I realize that for a railroad the bridge will need to be considerably taller. I may even place separate roof panels for the pedestrian walkways since they won't need to be nearly as high as the actual bridge roof. 

Here's a photo of an actual railroad covered bridge. I'm thinking of basically building a bridge similar to this, only with the open lattice along the entire sides and then with the pedestrian walkway near the bottom. 










*Two things I'm looking for right now are the following:

1. What size should I make the openings of the bridge to insure compatibility with most G-scale trains (I might end up selling a few of these bridges so I'd like to be sure they will work with most trains).

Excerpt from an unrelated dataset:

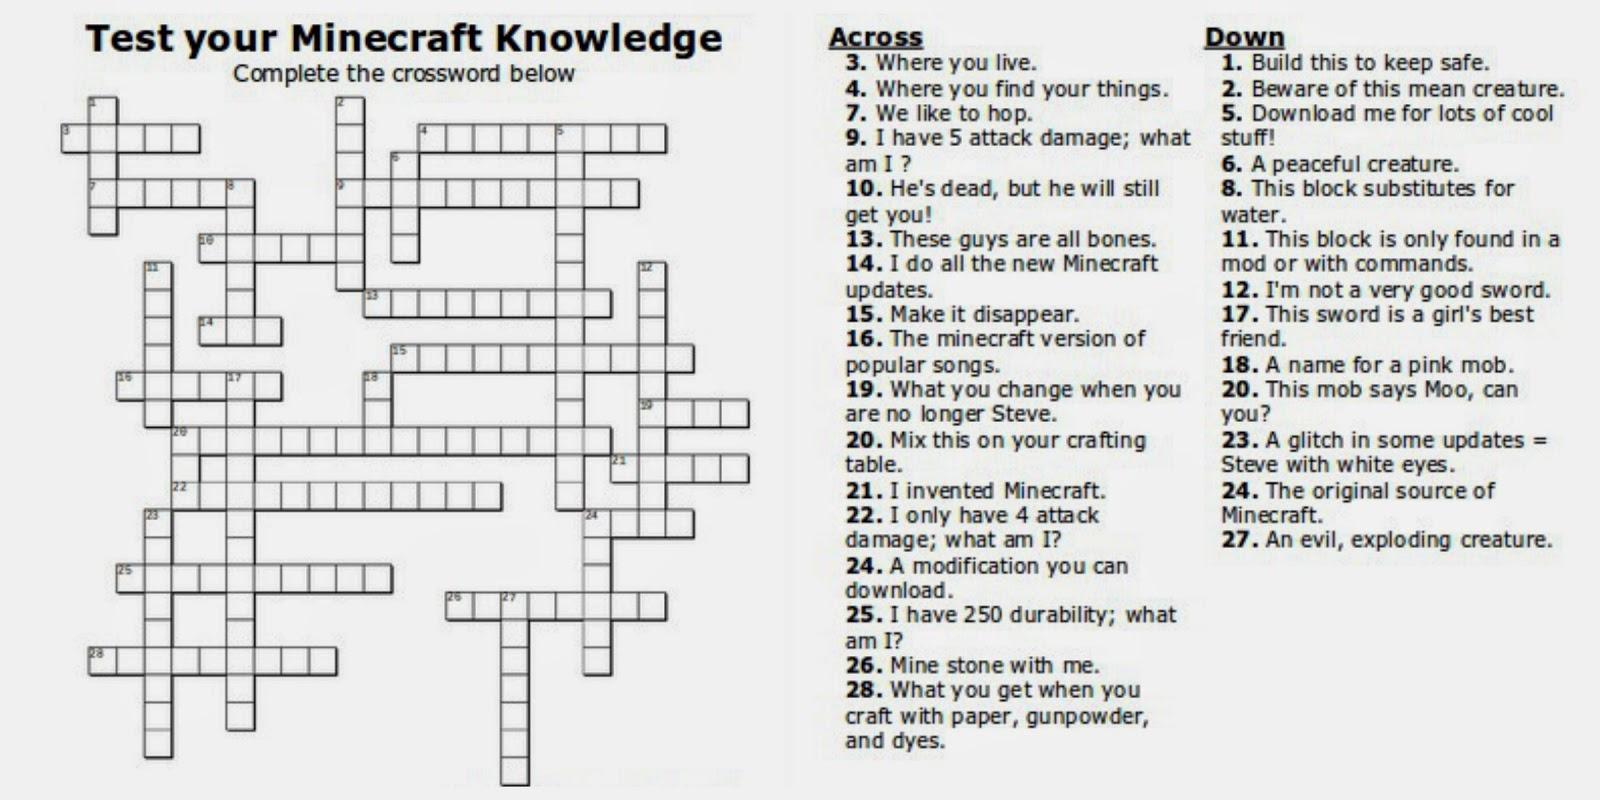 Free Printable Minecraft Crossword Search: Test Your Minecraft - Printable Crossword Search

2. What size timbers should I use for the G-scale lattice work? Would 12" by 12" timbers be realistic? Scaled down to G-scale of course.  Or should they be smaller, like 10" x 10" or even 8" x8"? What size timers would a real railroad bridge most likely use?*


I'm having a hard time finding photos of covered wooden railroad bridges that have open lattice work on the sides. I found the following photo and these timbers look huge. At least 12" x 12" if not larger.


----------



## sjm9911

Verry cool! I have a few g trains , though not running them. I figure you could check out a manufactures site and see dementions. Im really no help some one will chime in! Good luck.


----------



## Big Ed

Have you seen this site?

I put a search for Covered Bridge and 250 came up.
http://bridgehunter.com/scripts/search.cgi?query=covered+bridge

I don't know if they will help you I don't have the time to look through the search right now.


----------



## Big Ed

Not to many come up in a Covered Railroad Bridge search,
http://bridgehunter.com/scripts/search.cgi?format=simple&query=covered+railroad+bridge


Maybe something like this? Though a vehicular bridge, just add tracks?


----------



## Big Ed

You looking for bridge info the Bridgehunter site is the place to go.:smilie_daumenpos:

Home page (for those interested)
http://bridgehunter.com/


----------



## Big Ed

Note,

Most covered bridges are fully covered. 
Top and sides, though some had windows.
The first covered bridges were built to keep the snow off of the bridge.


----------



## Sweet Dreamer

Thanks for the replies. I'm finding a lot of covered bridges for cars. But most of the railroad bridges I find are just boxes. On my layout I would like to have a fancy bridge. I'm not too worried about being prototypical correct. My model railroad is a "Fantasy Line" anyway. 

Ed, the bridge you posted is pretty too. I can find a lot of covered automobile bridges that are pretty. But it's hard to find a pretty covered railroad bridge. 

In the meantime the main thing I need is the G-scale dimensions the opening. 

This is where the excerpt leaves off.